POSEIDON XSTREAM BLACK
Price: $949.95 | Contact: poseidon.com
Unlike the more-conventional regs here, the second stage of the side-exhaust Xstream operates with a servo mechanism: A small valve — activated by a second diaphragm near the mouthpiece — moves on inhalation, opening the larger main inlet valve. Poseidon says the design allows the use of a larger supply nozzle without increasing the inhalation effort needed to crack the valve open and begin airflow. Test-diver scores and comments showed another effect of the design: The reg’s performance scores, both in ease of air delivery and dry operation, were virtually identical whether divers were in swim position, face-up or head-down. Since the reg doesn’t care what position it’s in, it can be moved from the right side to left simply by turning it over. Divers also noted another effect of the large inlet: Jab the purge carelessly, and you’ll get a blast.
SCUBAPRO MK25 EVO/S620 Ti
Price: $819 | Contact: scubapro.com
The MK25 EVO first stage has been a winner when paired with both the G260 and the A700 second stages, so we were eager to try it with the all-new S620 Ti. It didn’t disappoint. On the simulator, it took excellent scores at all our test depths, so we pushed it down to more than 300 feet, where at 30 breaths per minute, its work of breathing was just 1.12 joules — still very good in our scoring. In the water, it took top scores for ease of breathing in all attitudes — including perfect scores in swim position — and best score for dry operation when face-up. The second stage, which has a titanium inlet tube, was rated very good for comfort, although some divers found the breathing adjustment and the Venturi control a bit stiff . With impressive all around performance, and chosen as most test divers’ favorite, the MK25 EVO/S620 Ti is the Testers Choice in its category.
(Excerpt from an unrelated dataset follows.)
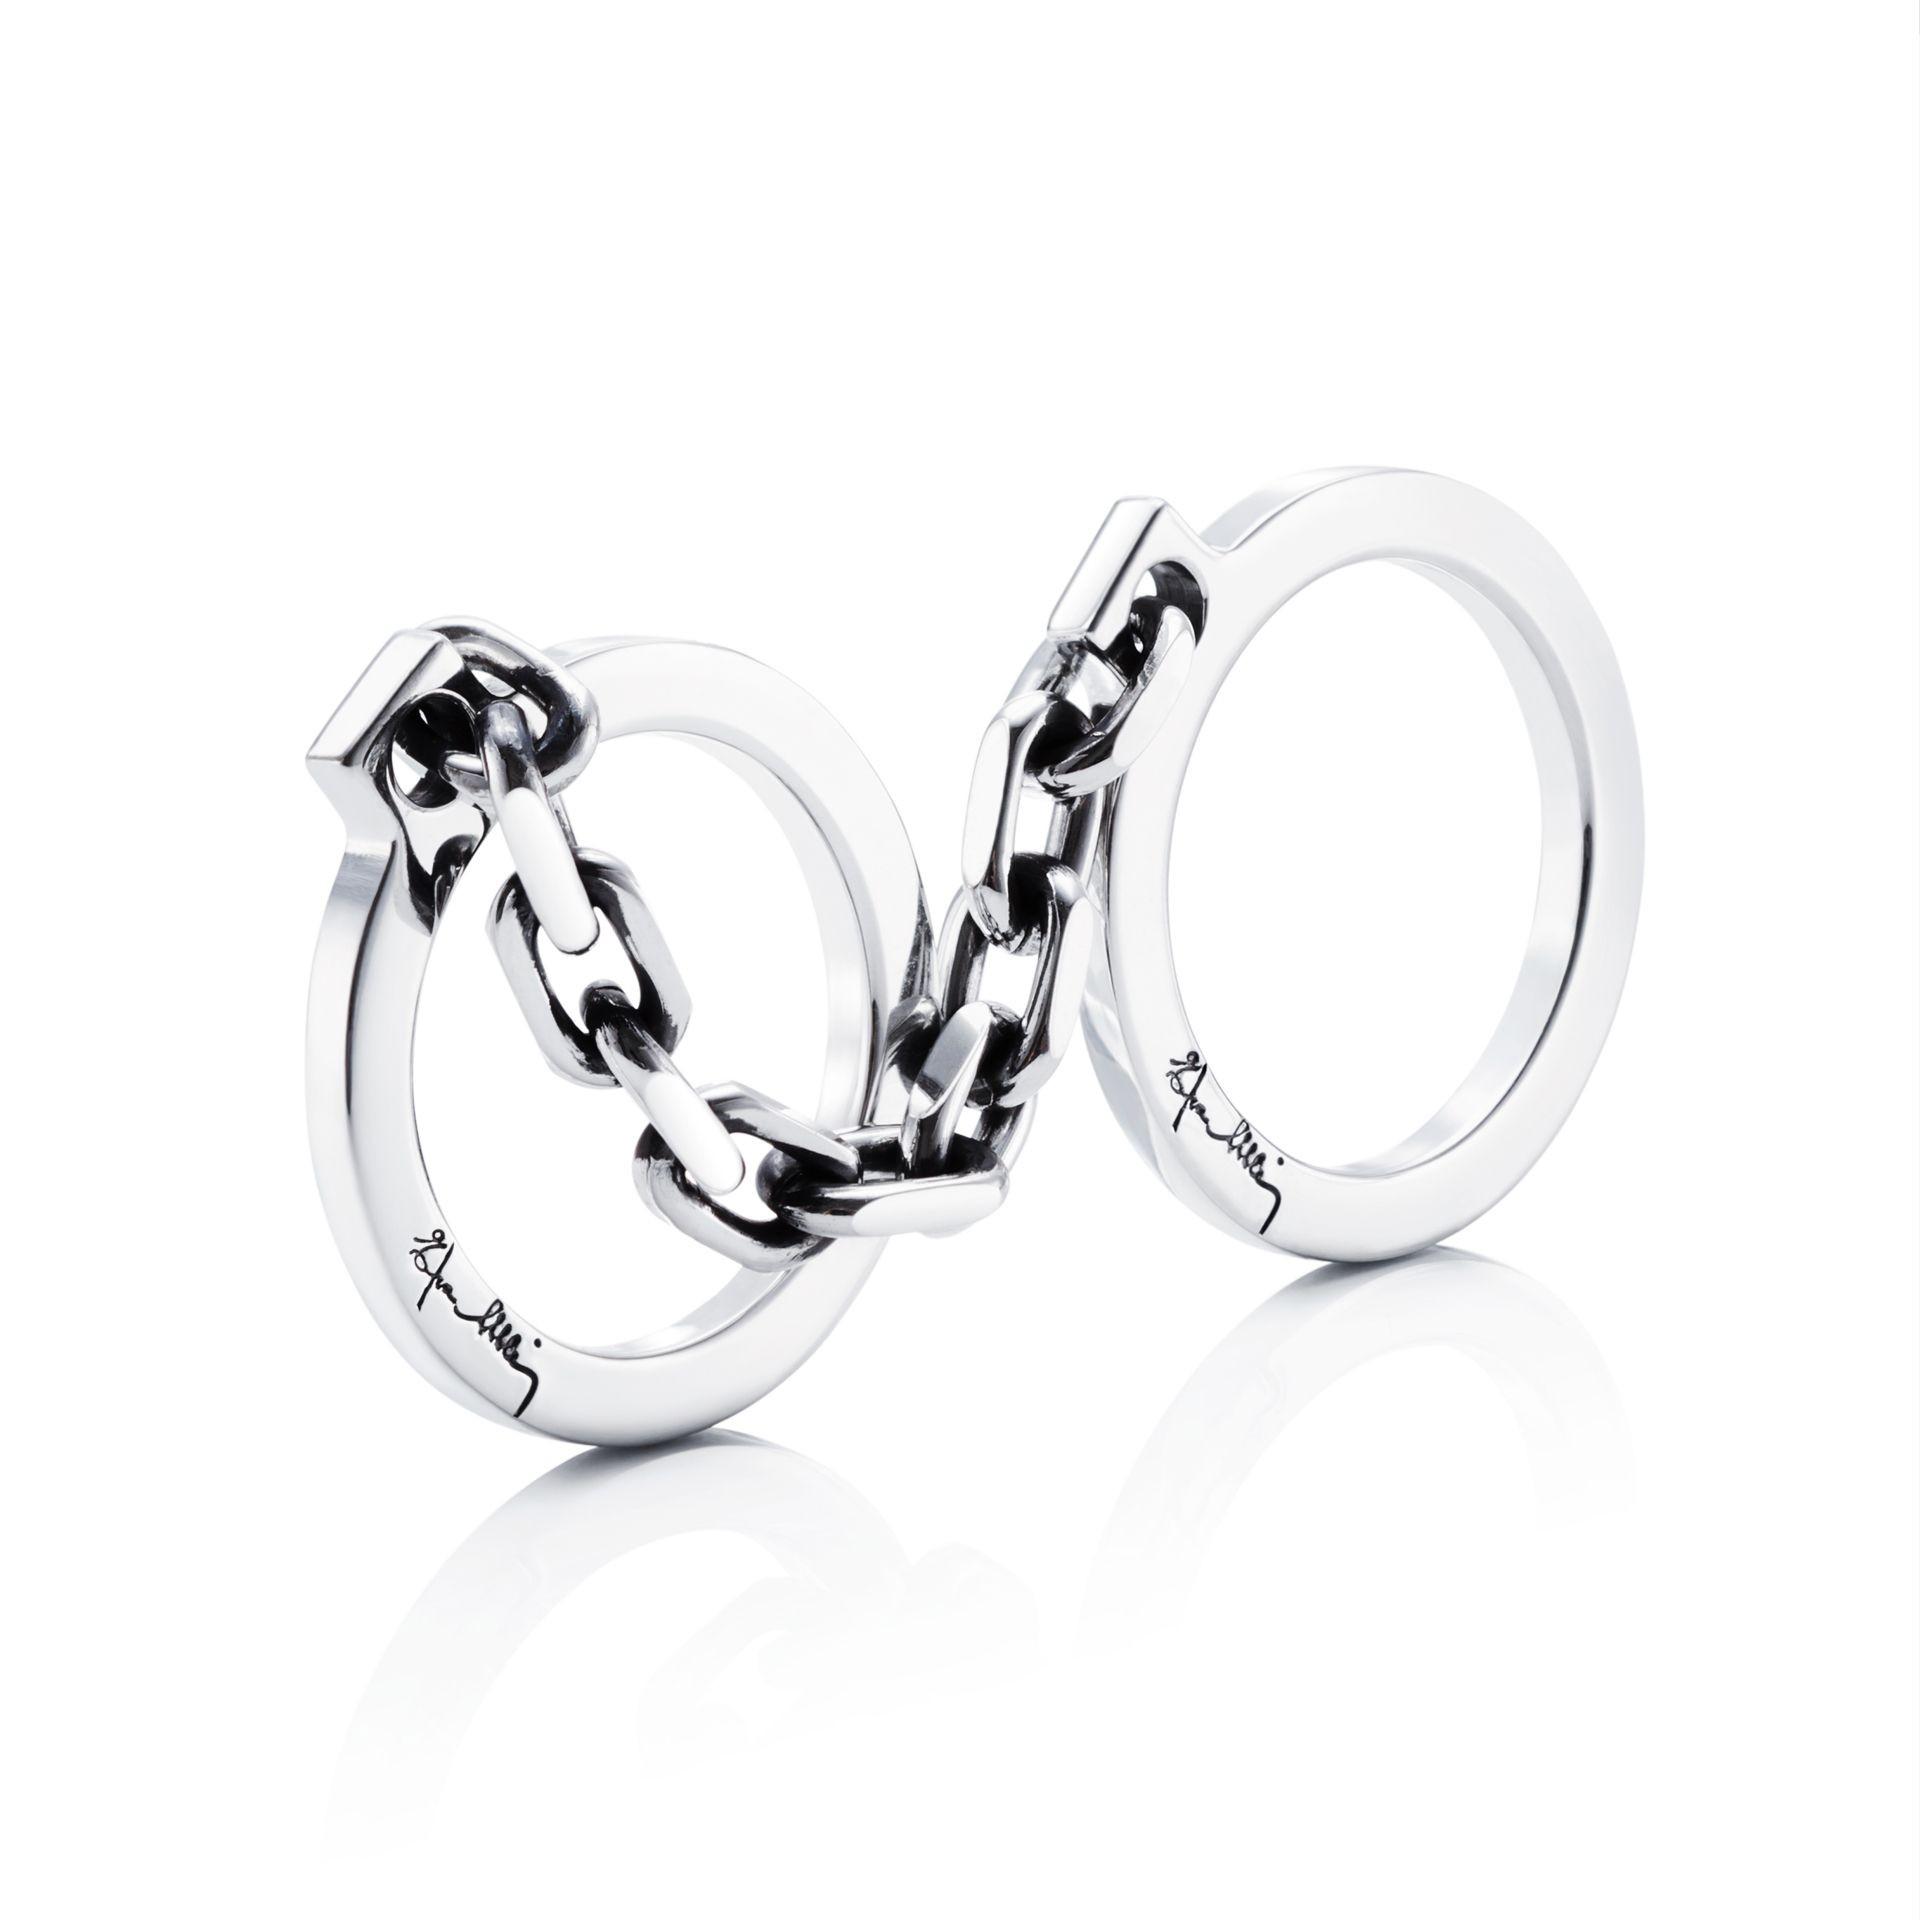 Passion Cuffs Ring

Price: $690 | Contact: sherwoodscuba.com
With a name that dates back to the 1980s, the Maximus still has a right-angle swivel and long hose for routing beneath the right arm. But it’s had a thoroughly modern work-over, including the breathing adjustment and Venturi control, which are now combined on a single knob. The control is precise and easy to work; divers gave the breathing adjustment top score in its category. The large vents and metal grill in the front cover are designed to let the elliptical diaphragm respond quickly without being subject to free-flow from current; divers reported no free-flow problems, even in a stiff current at the test site. The second stage is light and the swivel removes the hose’s leverage, helping the Maximus take a very good score for comfort. Divers reported it was a little more work and wetter when face-up, but gave it very good scores in all other positions.